Caution: More than One Type of U.S. Federal Tax Withholding Could Be Required for Foreign Partners in a U.S. Partnership

April 16, 2013

It is very important for a U.S. partnership to determine the residence status of all partners in the partnership. A U.S. partnership is required to report whether a partner is a foreign partner on the Schedule K-1 filed with the Form 1065 federal partnership tax return. A partner is considered to be a foreign partner if the partner is a foreign company formed under the laws of a foreign country. A partner is considered to be a foreign partner if the partner is a foreign individual who is not a U.S. citizen, does not hold a U.S. green card or does not meet the substantial presence test to be treated as a U.S. resident for U.S. federal tax purposes. The U.S. partnership is also required to comply with certain types of U.S. federal tax withholding that are required for foreign partners. The applicable types of U.S. federal tax withholding include foreign partner withholding under I.R.C. Section 1446 and U.S. nonresident withholding under I.R.C. Sections 1441 and 1442.

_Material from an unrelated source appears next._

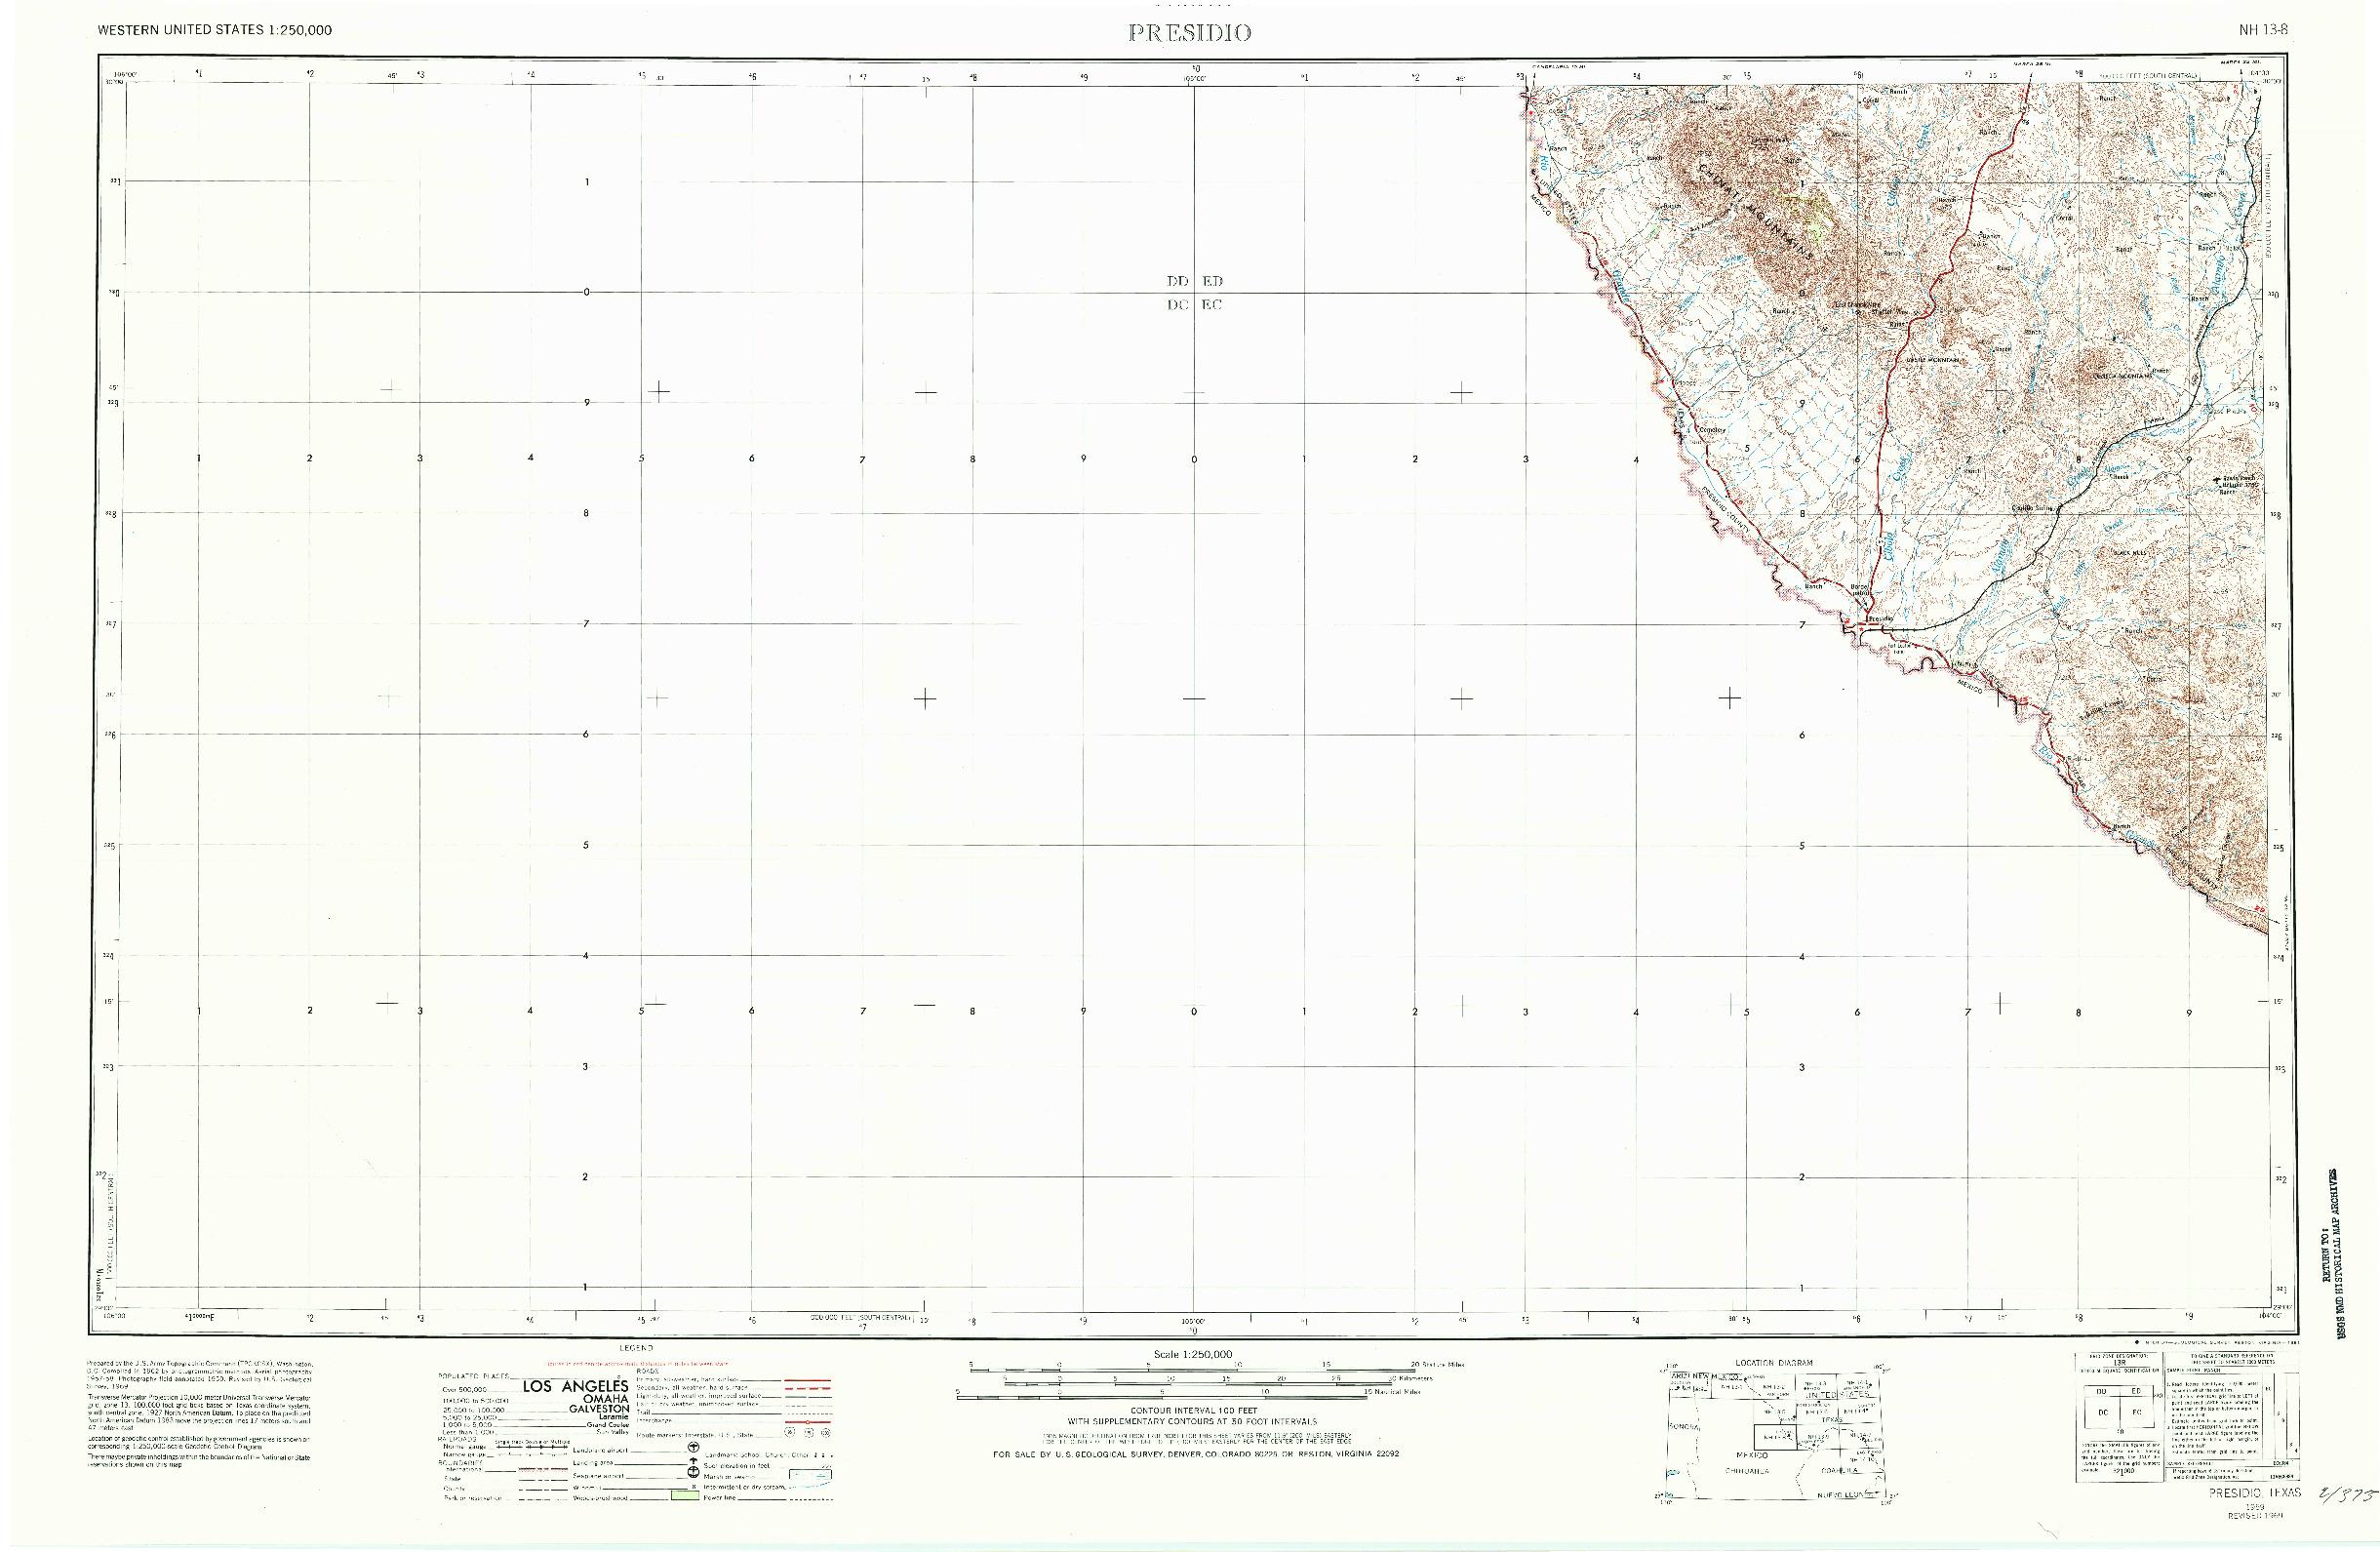 USGS 1:250000-SCALE QUADRANGLE FOR PRESIDIO, TX 1959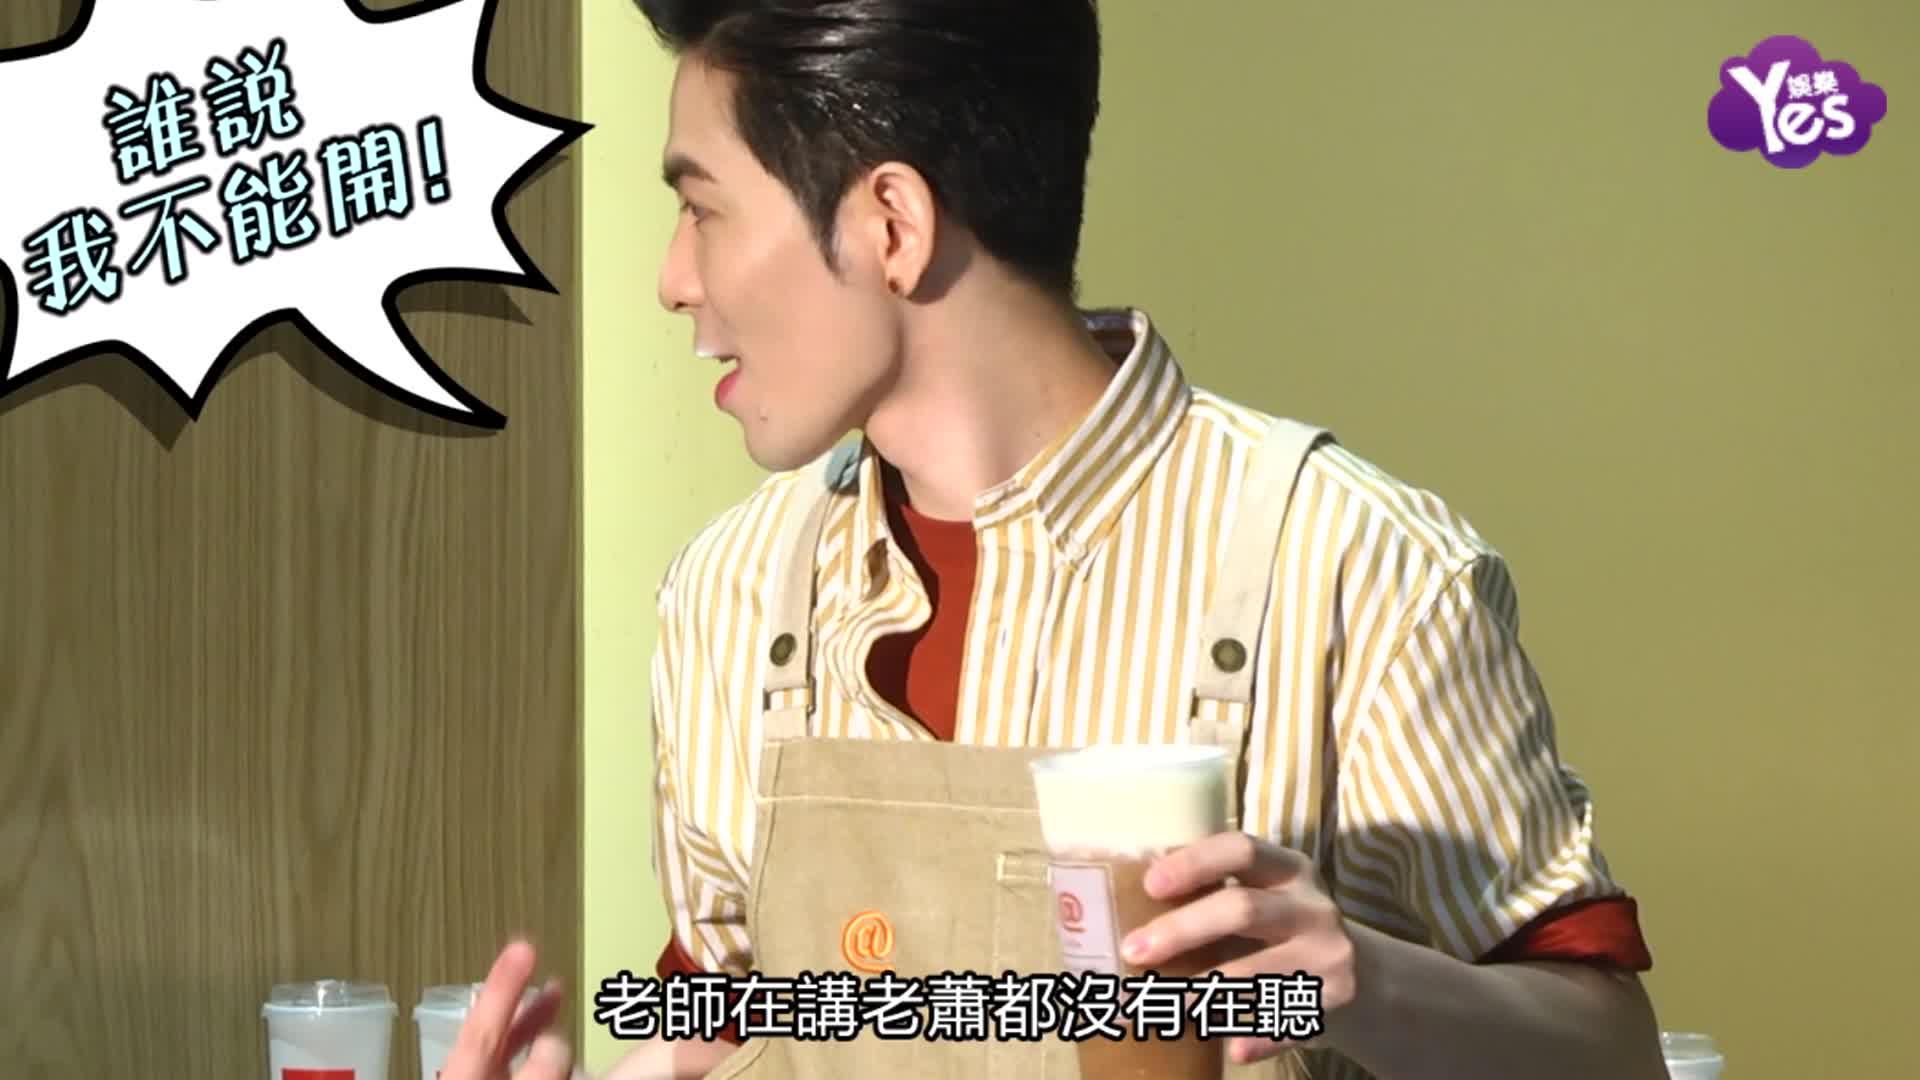 老萧广开副业许愿当JJ阿信邻居   爆料周董喝奶茶谜之反应

A U.S. partnership is required to withhold federal income tax at the highest U.S. individual or corporate income tax rate (currently 35% for 2012) on a foreign partner’s distributive share of effectively connected taxable income (“ECTI”). ECTI is basically the U.S. partnership’s ordinary trade or business income. Quarterly estimated payments of Section 1446 foreign partner tax withholding are required with the voucher Form 8813. The U.S. partnership is required to file the Form 8804 Annual Return for Partnership Withholding Tax and Form 8805 Foreign Partner’s Withholding Tax Statement with the annual Form 1065 federal partnership tax return. The foreign partner is generally considered to be engaged in a U.S. trade or business based on its ownership of an interest in a U.S. partnership. A foreign partner that is a nonresident individual must file a U.S. tax return on the Form 1040NR to report the share of partnership income from the Schedule K-1. A foreign partner that is a foreign corporation must file a U.S. tax return on the Form 1120-F. The foreign partner may claim a credit on the U.S. tax return for the federal tax withholding paid by the U.S. partnership on behalf of the partner.

A U.S. partnership is also required to withhold federal income tax at a rate of 30% of the foreign partner’s share of the gross amount of certain types of the partnership’s income which are referred to as fixed or determinable annual or periodical (“FDAP”) income. FDAP income includes interest, dividends, rents, royalties and compensation for services performed by a foreign person in the United States as a consultant or independent contractor. The 30% U.S. nonresident withholding tax rate could be reduced under an applicable U.S. tax treaty provision. A U.S. partnership is required to report this type of U.S. nonresident tax withholding applicable to foreign partners on the Forms 1042 and 1042-S.

So, it is possible that a foreign partner in a U.S. partnership could be subject to both foreign partner tax withholding under Section 1446 and U.S. nonresident tax withholding under Section 1441 or 1442. Another thing to note is that if a U.S. partnership with a foreign partner sells U.S. real property, I.R.C. Section 1445 FIRPTA tax withholding is not required on the gross sale proceeds. However, the gain from the sale of the U.S. partnership’s U.S. real property is treated as ECTI and it is subject to Section 1446 foreign partner withholding. Section 1446 foreign partner withholding supersedes Section 1445 FIRPTA withholding.